■ **SUPPLIED INFORMATION**:
○ ○ ○ ○ ○
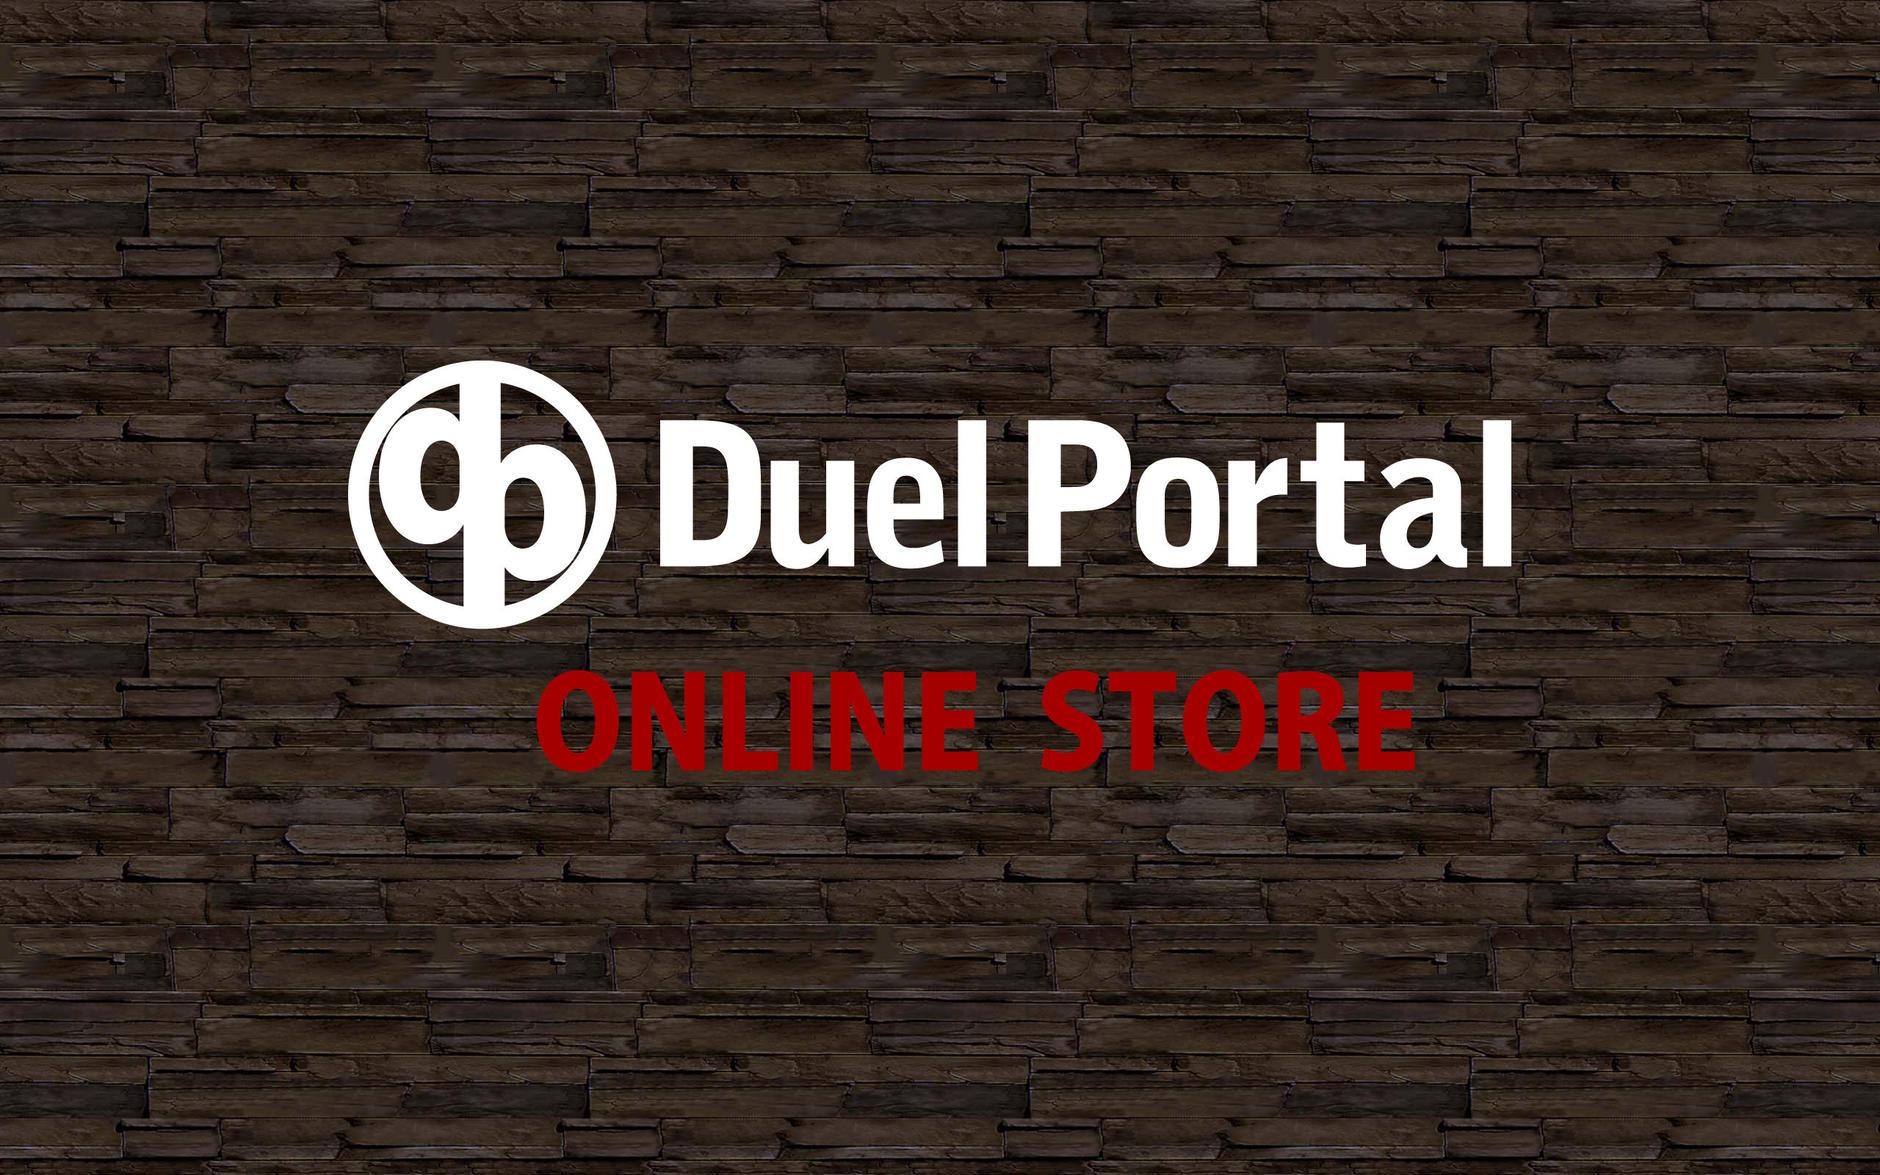 Duel Portal ONLINE STORE
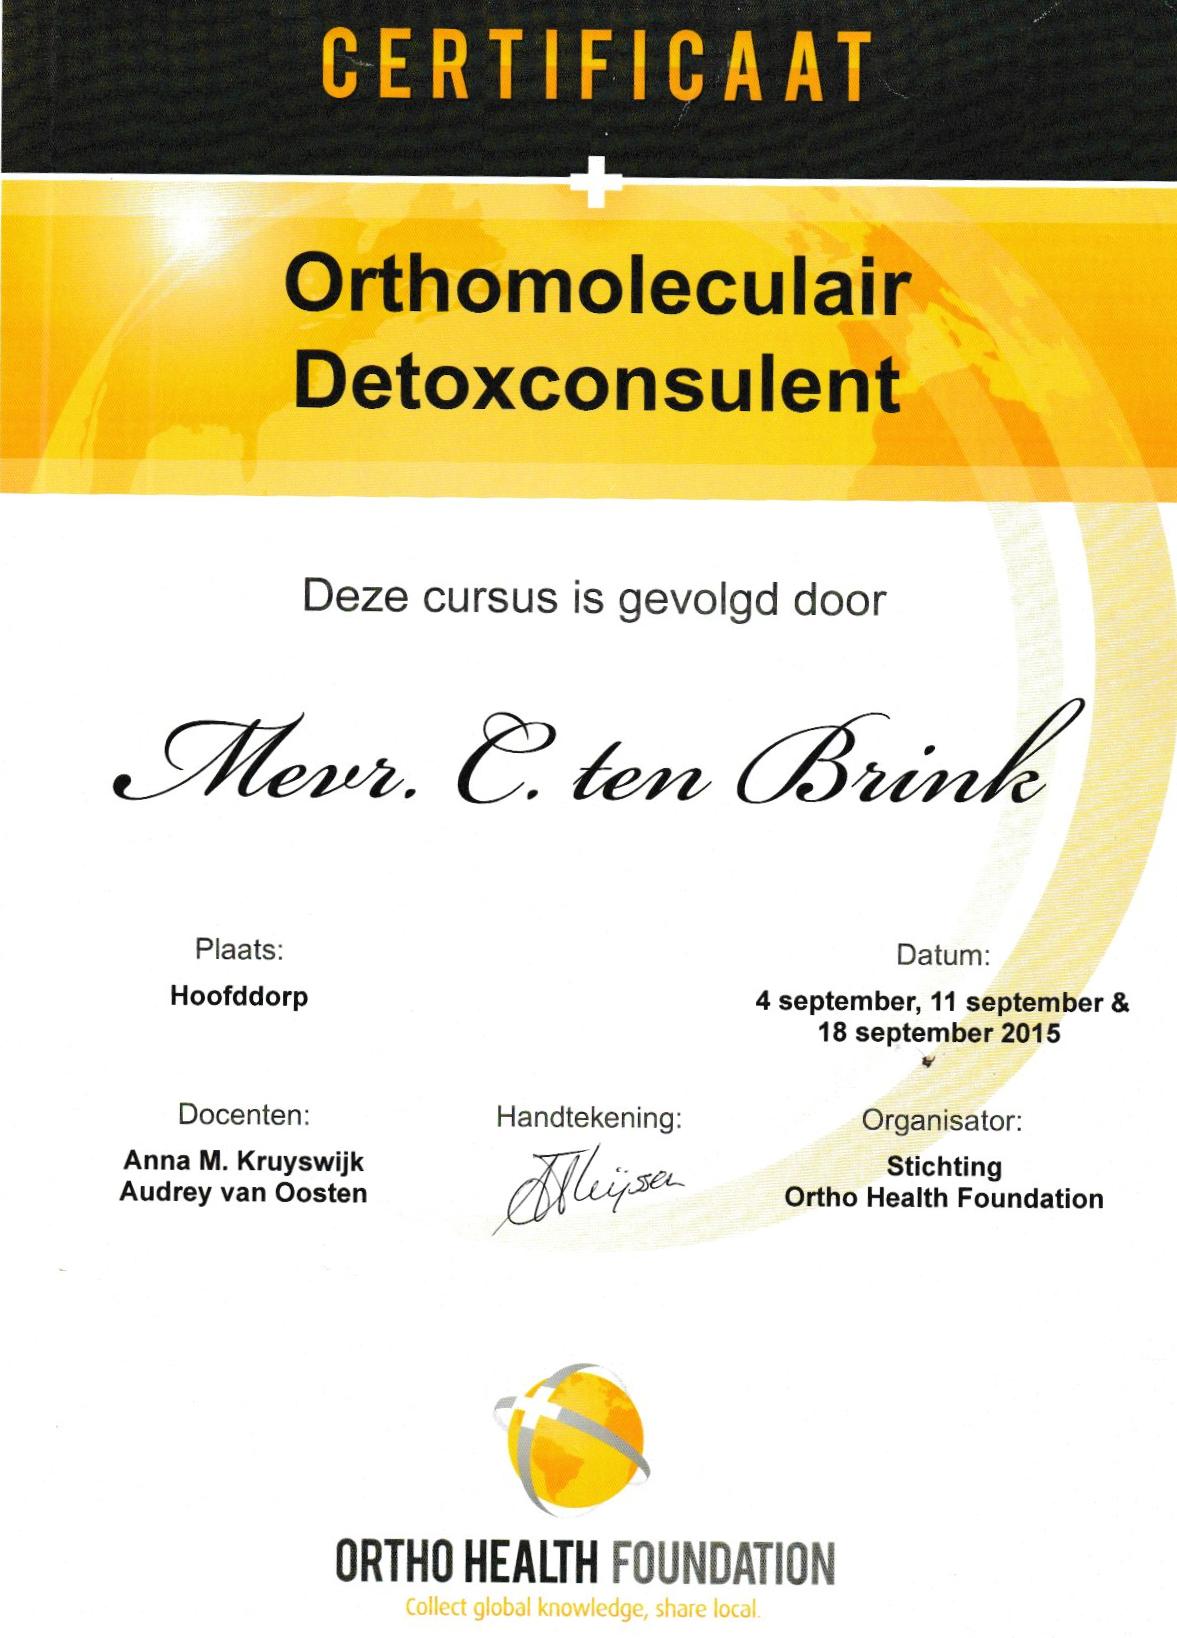 Deetox consulente diploma
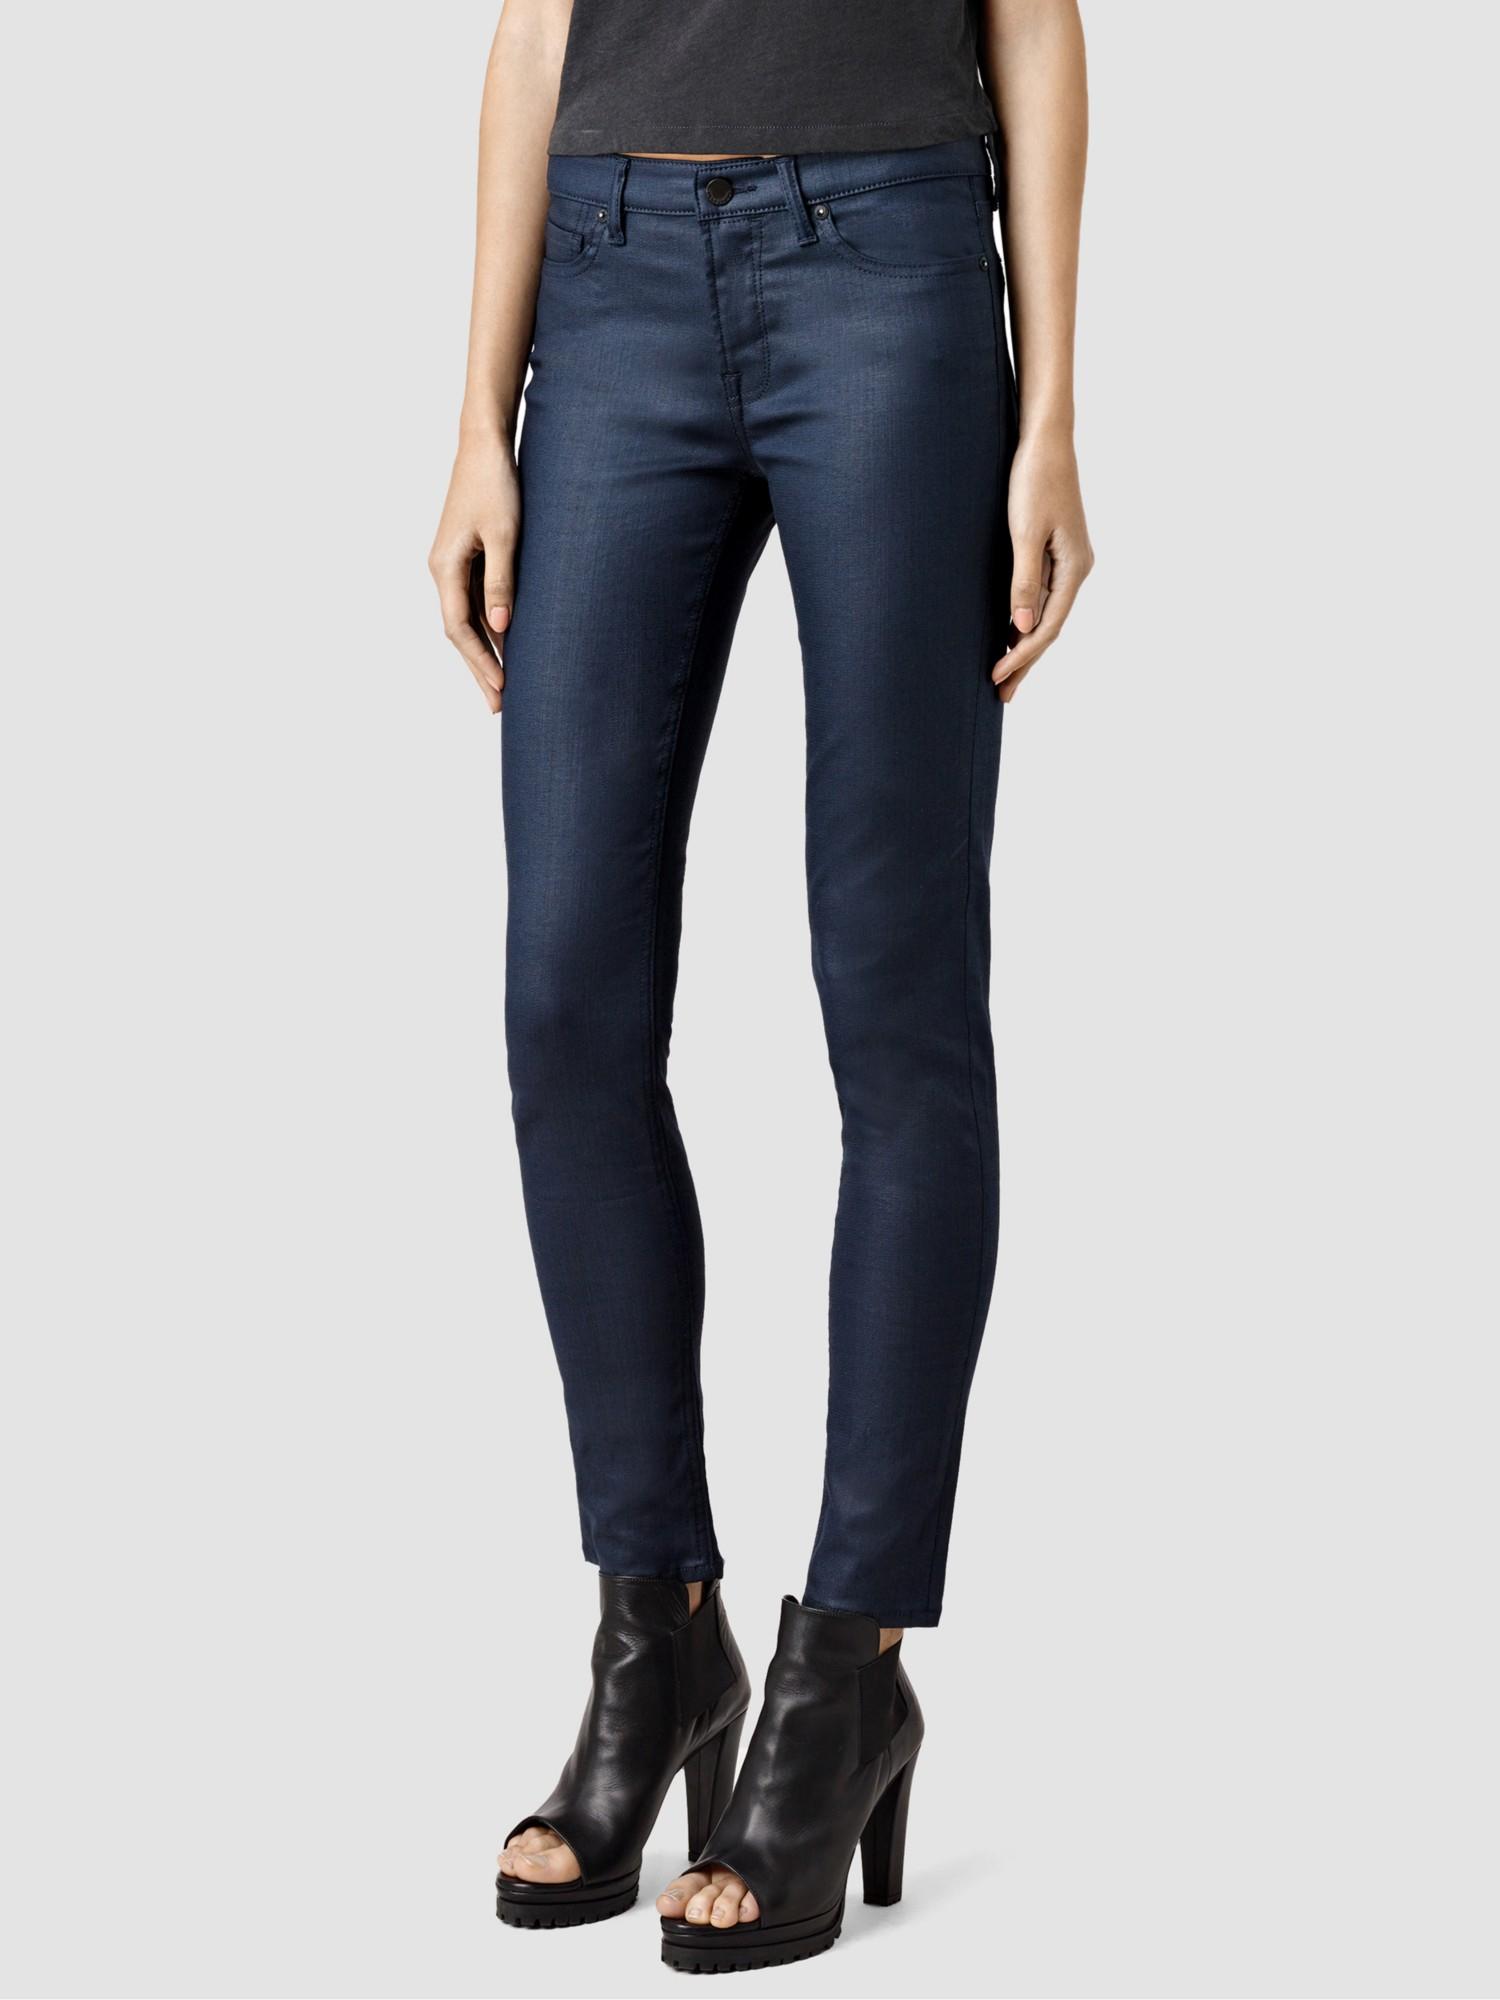 Navy coated skinny jeans
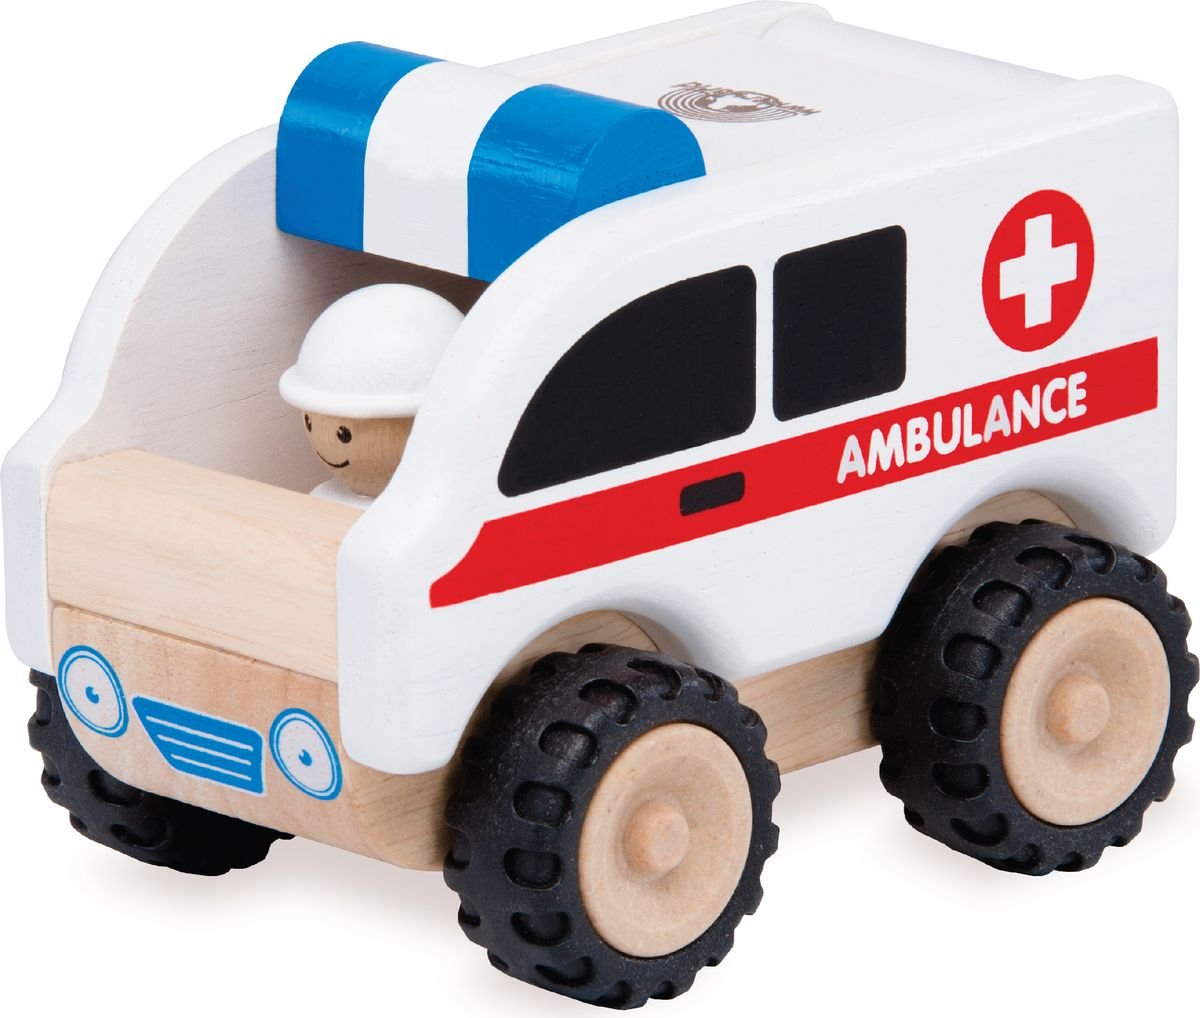 Wonderworld Деревянная игрушка Скорая помощь Miniworld деревянные игрушки wonderworld пожарная машина miniworld
○ ○ ○ ○ ○
■ **HOW TO COMPLETE THIS TASK**:
Excluding images, output exactly the lines from the one that holds "Navy coated skinny jeans" through the final line of the material, both ends included.

■ **RESPONSE AREA**:
 Navy coated skinny jeans
 Wonderworld Деревянная игрушка Скорая помощь Miniworld деревянные игрушки wonderworld пожарная машина miniworld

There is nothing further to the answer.